This Burnham boiler is 25 years old and I have no plans to replace it..


----------



## Seasoned Oak (Apr 29, 2013)

raybonz said:


> This Burnham boiler is 25 years old and I have no plans to replace it..


Thats about its rated lifespan . Soon it may leak even when kept hot. although you could get a few more years out of it. IS it OIL?


----------



## raybonz (Apr 29, 2013)

Seasoned Oak said:


> Thats about its rated lifespan . Soon it may leak even when kept hot. although you could get a few more years out of it.

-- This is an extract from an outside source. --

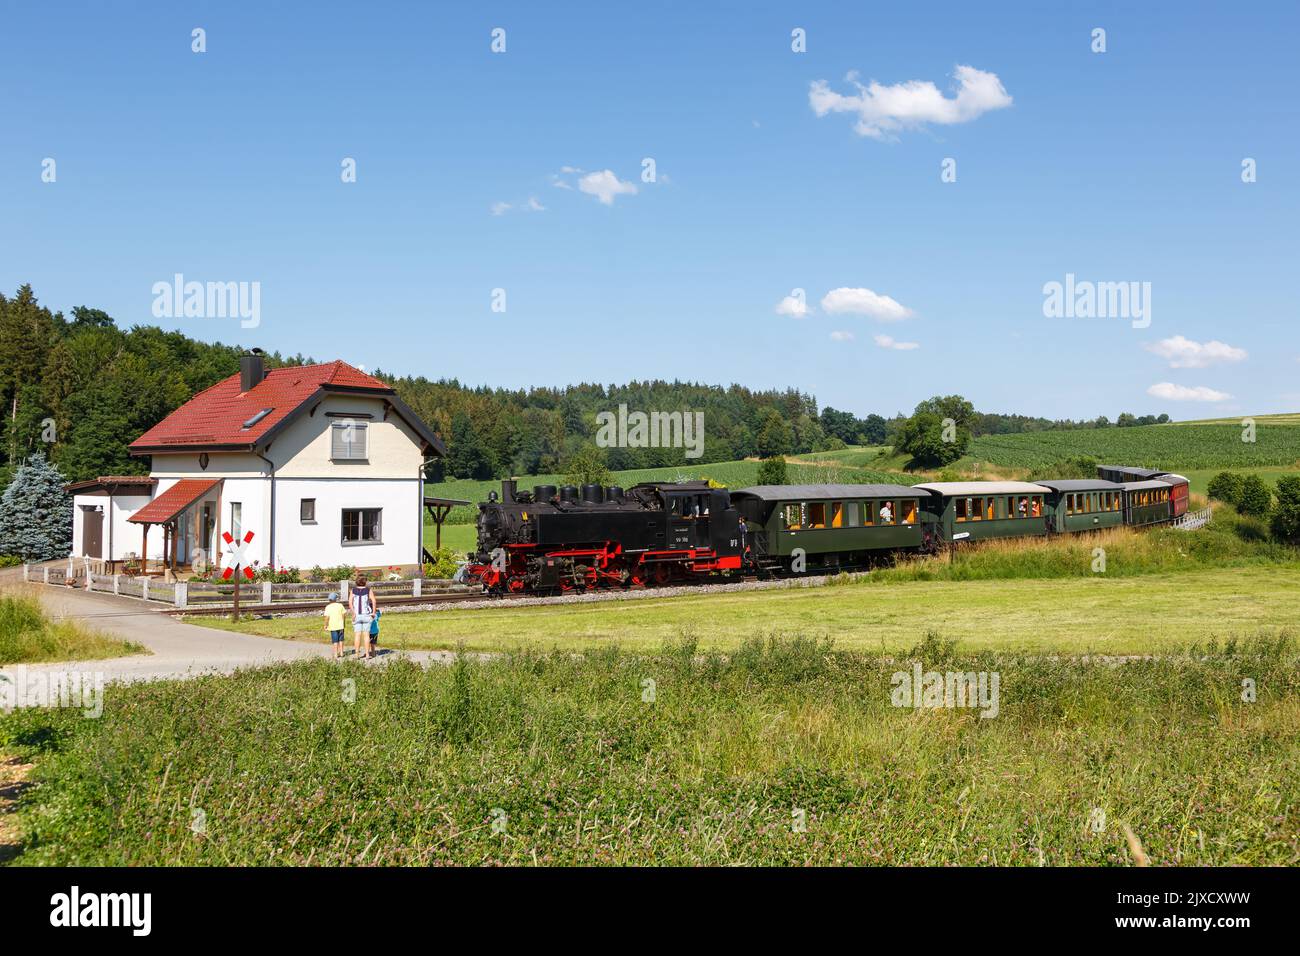 Öchsle steam train locomotive railway rail in Ochsenhausen Wennedach, Germany Stock Photo

IS it OIL?


I have seen oil and other boilers go much longer than that..  Where do you come up with this info?

Ray


----------



## Reckless (Apr 29, 2013)

raybonz said:


> I have seen oil and other boilers go much longer than that.. Where do you come up with this info?
> 
> Ray


Mine is closer to 30 and it is oil and has no signs of failing (only leaks when cold)


----------



## woodgeek (Apr 29, 2013)

30 years is the figure I always heard....mine started going south at only 15 years, but the cheap bastid that owned the house before me (I think) left it off and stone cold all summer, except when he needed some HW.  At least that what his ex told me.  And made me buy the 75 gallons of #2 he left in the tank from him (at the going rate $1.50/gal)!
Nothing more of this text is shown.